There was never enough wardrobe space.
“But…you don’t even really have clothes,” said Rose, helplessly, “you have ties.”
“I have a two-story wardrobe, Rose,” he retorted.
“Full of clothes you never wear!”
“But I might want to wear them! I might! Right now, there is possibility. There is no possibility here!”
The realtors showing the flats and the other house-hunting couples glared at him a lot, as he stalked around sniffing his disapproval of places. Some were too new and some were too old, some were too big and some were too small, none were just right. Rose felt like she was house-hunting with Goldilocks.
“We have a house,” she pointed out to him finally. “We have a perfectly nice house. We don’t need another one.”
“But I thought it would be an exciting adventure,” he pouted. “I was really looking forward to putting up wallpaper.”
“You could put up wallpaper on some walls here,” Rose suggested.
“I can’t, it would smother the TARDIS,” he said, morosely.

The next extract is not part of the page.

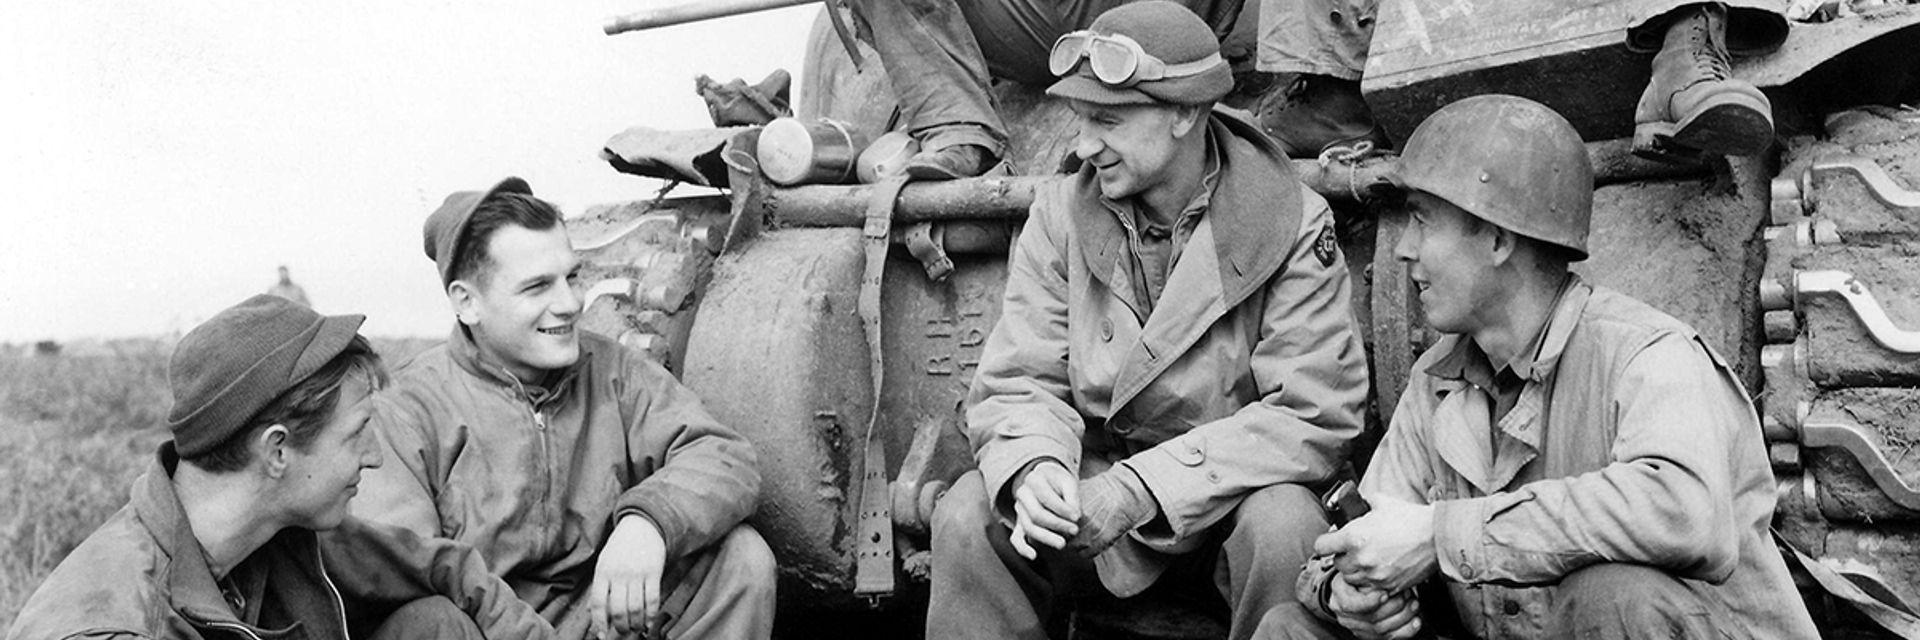 Ernie Pyle and A&#46;J&#46; Liebling&#58; The Sacrifice of Two Writers Who Remade War Reporting
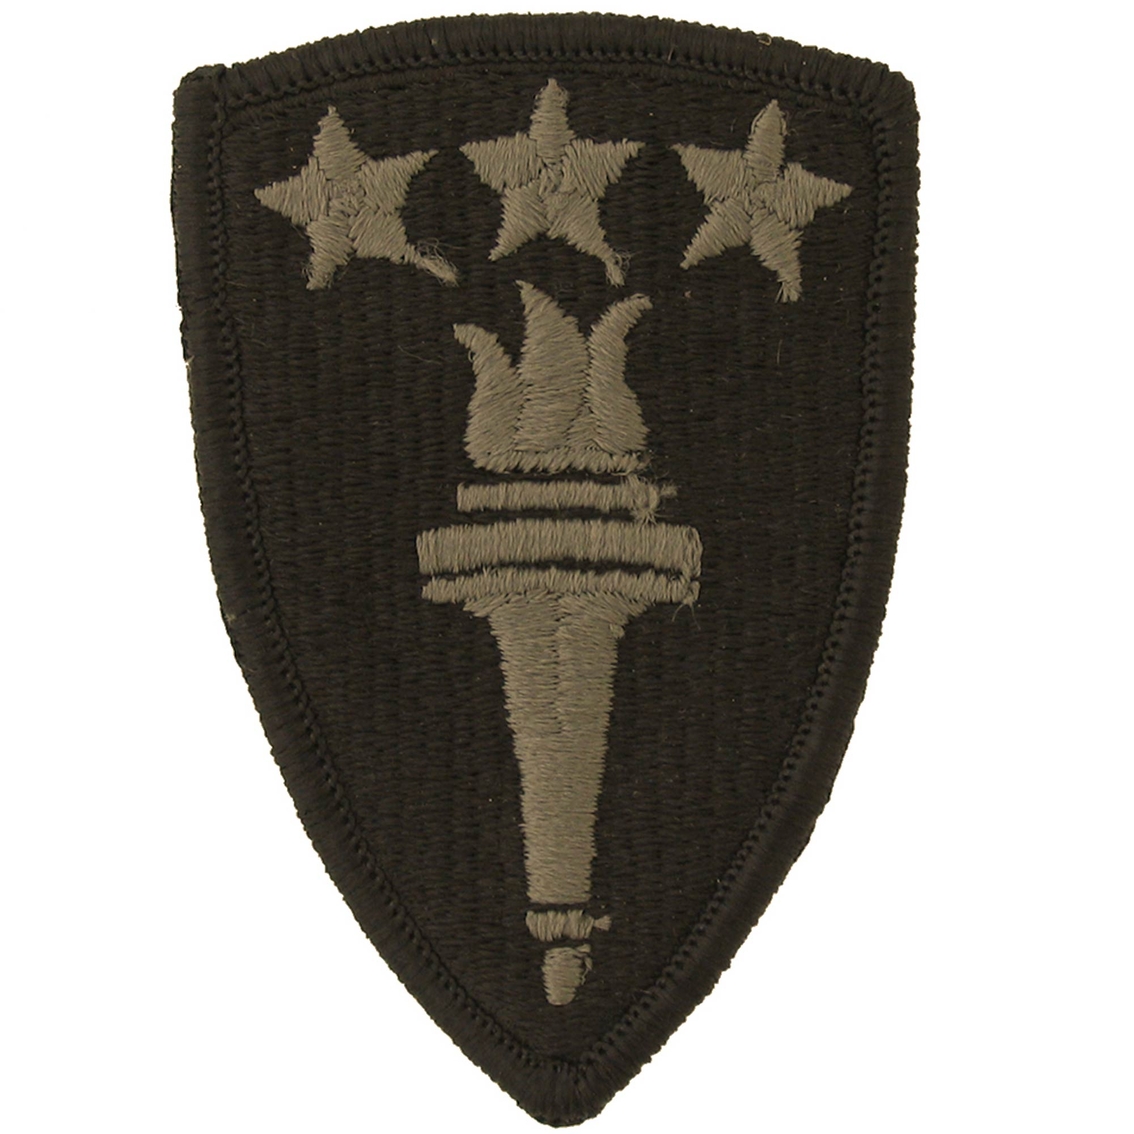 Army War College 2.75 Military Patch

Rose knew her Doctor. He had gotten himself excited about this house idea. She didn’t know why, but she recognized that he wasn’t going to be satisfied until they found a house.
***
The house they eventually found was not one Rose would have expected. It was a proper large house, set on a large parcel of land surrounded by a forbidding iron fence. “Danger. Keep Out. Unsafe Structure” read the signs on the fence, but the house was for sale, and the Doctor walked confidently past them, through the overgrown garden, to the house itself. Large, yes, but completely rundown. But the Doctor saw only that the trim was TARDIS blue.
They wandered through good-sized, empty rooms, littered with detritus, abandoned dusty chandeliers and streaked mirrors, moldy walls and broken windows.
“What’s unsafe about the structure?” Rose asked the realtor, who looked as if she had been hoping that they wouldn’t ask.
She opened her mouth to reply.
“The wallpaper is peeling!” exclaimed the Doctor, gleefully, and then, before anyone could say anything else, “We’ll take it.”
***
The house was called Wester Drumlins. The Doctor loved the name. He rolled it around in his mouth like it was a fine wine. “Wester Drumlins,” he would say, bouncing back and forth on his feet. “Wes-ter-drummmmm-lins.” He said it this way whilst following the kids through the house, waiting to hear their verdict.
“It’s brilliant,” was the verdict of Harry and Tam, as they chased each other over broken tile floors.
They were all standing in the conservatory, overgrown with ivy, half of its windows missing.
“It has a conservatory,” the Doctor pointed out, proudly.
“It has…yes,” agreed Athena.
“Welllllll, I think it looks like fun,” announced Brem, with his hands deep in the pockets of his coat. He did a slow circle in the middle of the conservatory, looking up at the sky.
“An adventure, right?” said the Doctor.
Rose saw Matt and Sylvain exchange a look. She understood this look. It was the these-crazy-Time-Lords look. Sometimes she exchanged the look with them. It was good to have people to exchange these looks with, after so many years of being the only human(ish) traveler on the TARDIS. Sometimes, she and Matt and Sylvain went out and drank margaritas and shared stories about their crazy Time Lords.
She had a feeling she was going to need a lot of margaritas in her future.